Застегнув браслет часов на запястье, Геннадий почувствовал себя увереннее, показал спутнице большой палец: вери найс, мол!
В следующем магазинчике он приобрел себе брюки — темные, легкие, по владивостокским меркам годные и для осени, и для зимы с весной, нарядные, новые, Геннадий даже снимать их с себя не стал, брюки сели на него, как влитые, и по длине были тютелька в тютельку — это раз, и два — старые, с начесом и заплатами, он перетянул поплотнее бечевкой и опустил в ближайшую урну.
Рубашки в Сантьяго не пользовались особым спросом, в них только клерки ходили на работу, народ в основном предпочитал футболки, называя их камиса-ми, рубашками на все случаи жизни (у нас же в России в девяностые годы называли просто майками), поэтому Москалев купил себе пару цветных футболок, белые брать не стал — слишком уж пачкаются, любое, даже маленькое, пятно делает такую камису несвежей.
На закуску Геннадий приобрел себе куртку, причем не просто куртку, а с приставками "люкс", "гранд" и "супер" — кожаную, сшитую в Аргентине, с большим, в полспины, красочным внутренним лейблом, пристроченным к подкладке, в куртке этой капитан дальнего плавания стал настоящим мачо, покрутился перед зеркалом, пригладил пальцем усы, — остался собою доволен.
Консул Полунин тоже был доволен: сейчас гость был действительно похож на кадепе — капитана дальнего плавания, решившего немного своего дорогого времени посвятить отдыху.
И совсем неважно было, что куртка оказалась "ропа усада" — побывавшая в употреблении, секонд-хэндом, главное, она ему нравилась и, что еще хорошо, сидела на нем как влитая.
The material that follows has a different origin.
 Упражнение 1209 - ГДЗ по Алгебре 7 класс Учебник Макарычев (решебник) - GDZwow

М-да-а, совсем отвык Геннадий от нормальной одежды, носил только то, что перепадало ему по случаю… И это наводило на грустные мысли.
Наконец раздался телефонный звонок, которого я долго ждал, гадал, прикидывал про себя: когда же он прозвучит? — из Сантьяго позвонил Полунин. Хотя и разделял нас целый белый свет, в котором чего только не было намешано, слышимость была такая, будто консул находился в соседнем доме.
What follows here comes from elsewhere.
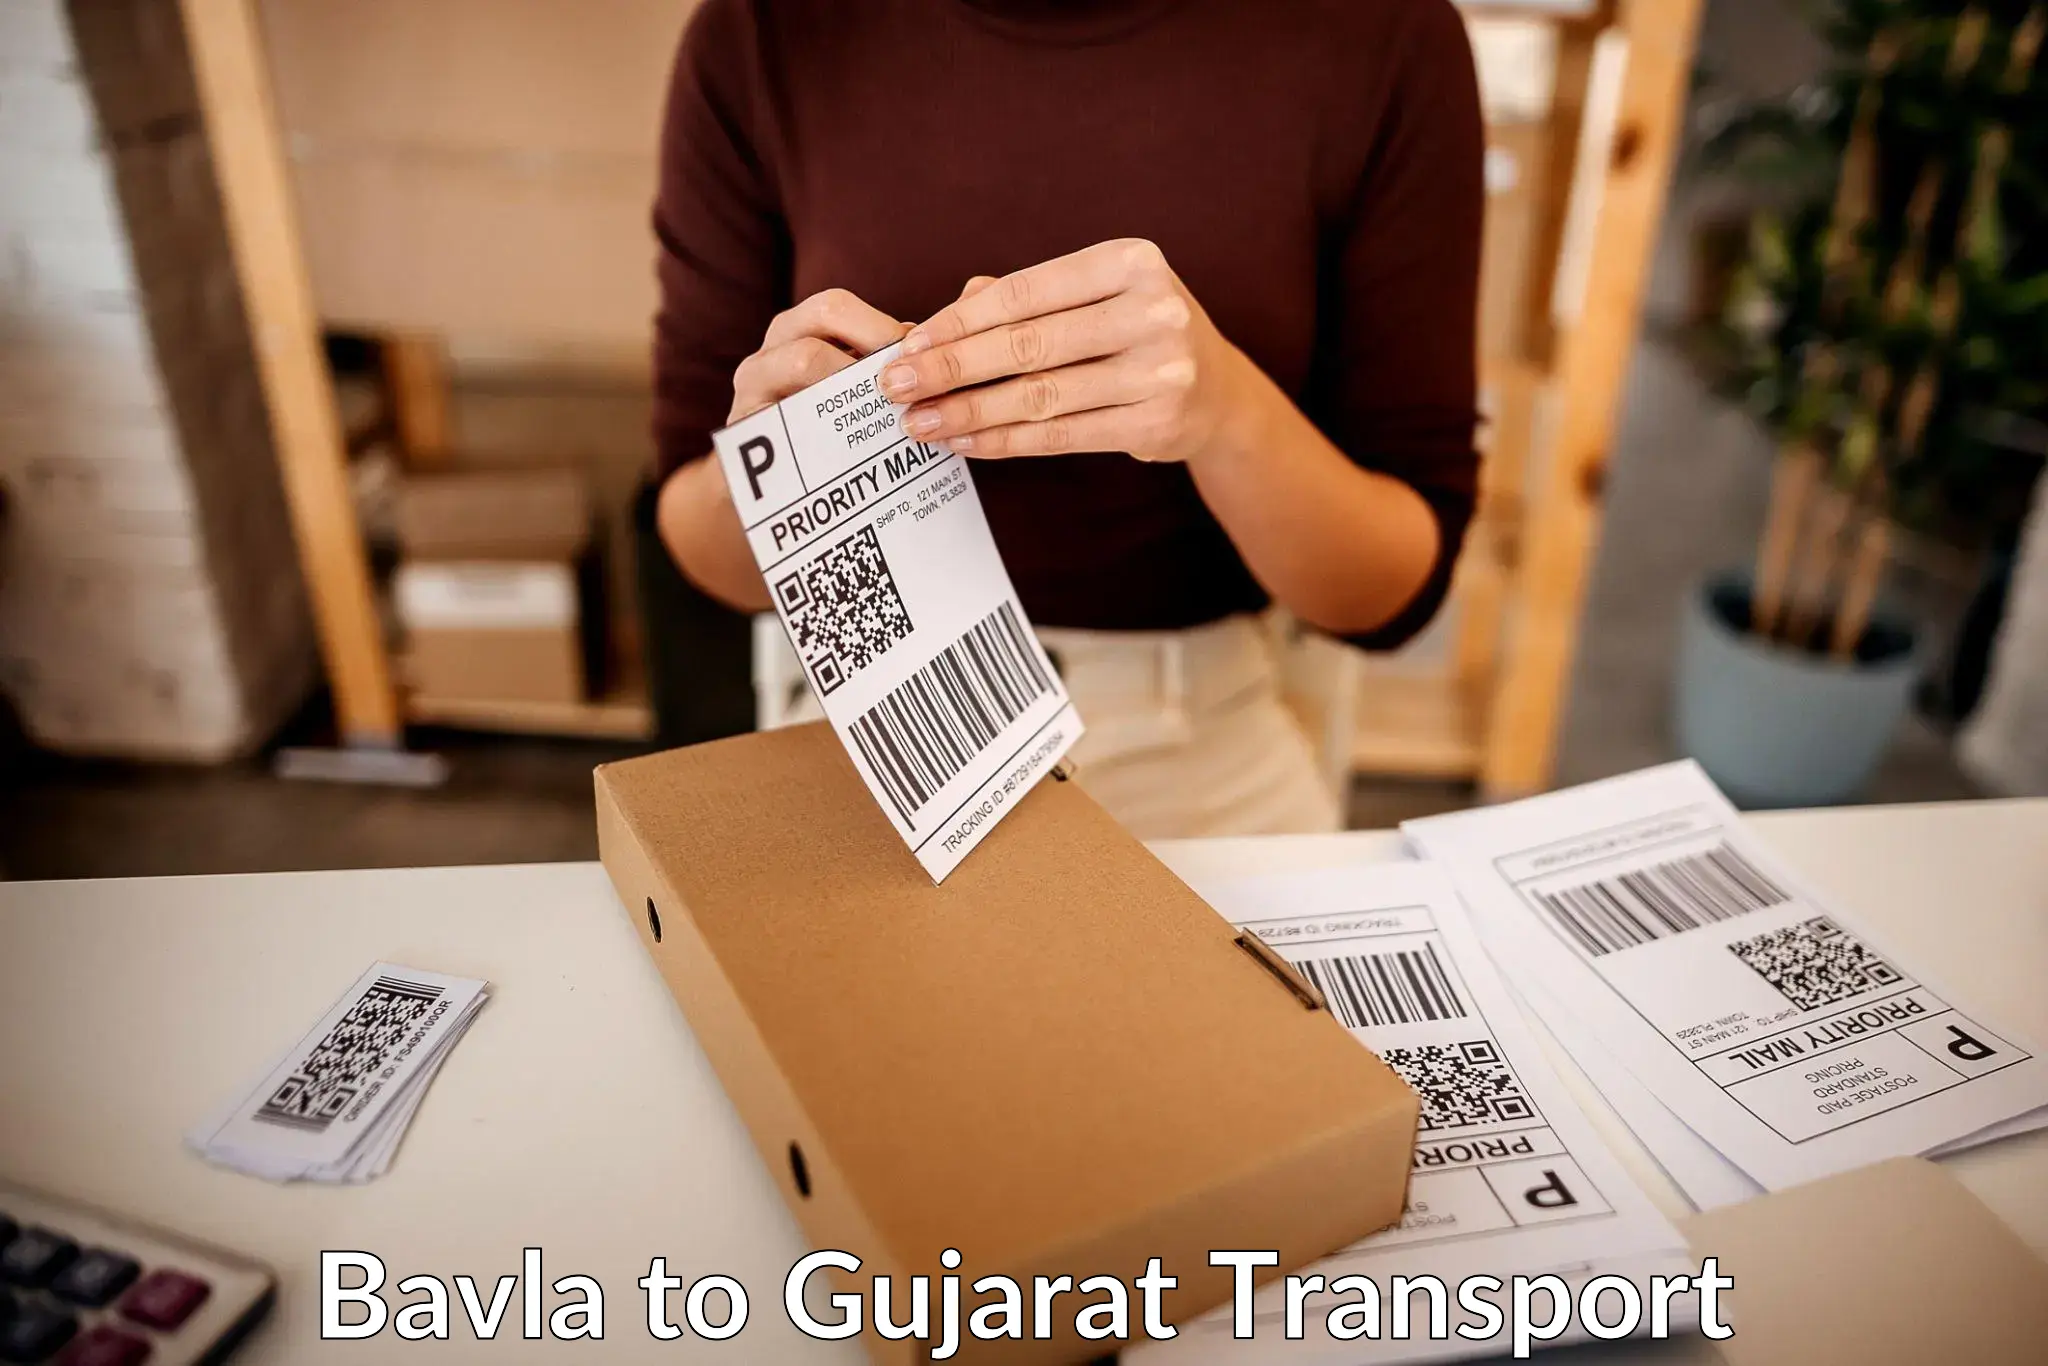 Road transport online services Bavla to Bardoli

— Все, Геннадий уже вылетел, — сообщил он голосом бодрым, полным певучих ноток, словно бы Полунин работал не в консульстве, а где-то в консерватории и собирался проводить спевку со студентами. — Пятнадцать минут назад самолет поднялся в воздух. Во Франкфурт рейс придет… — я ощутил почти физически, как Полунин вскинул руку и некоторое время рассматривал свои "кремлевские", — часов в десять по Москве, я так разумею. Шереметьевская справочная скажет точнее… Так что ждите брата.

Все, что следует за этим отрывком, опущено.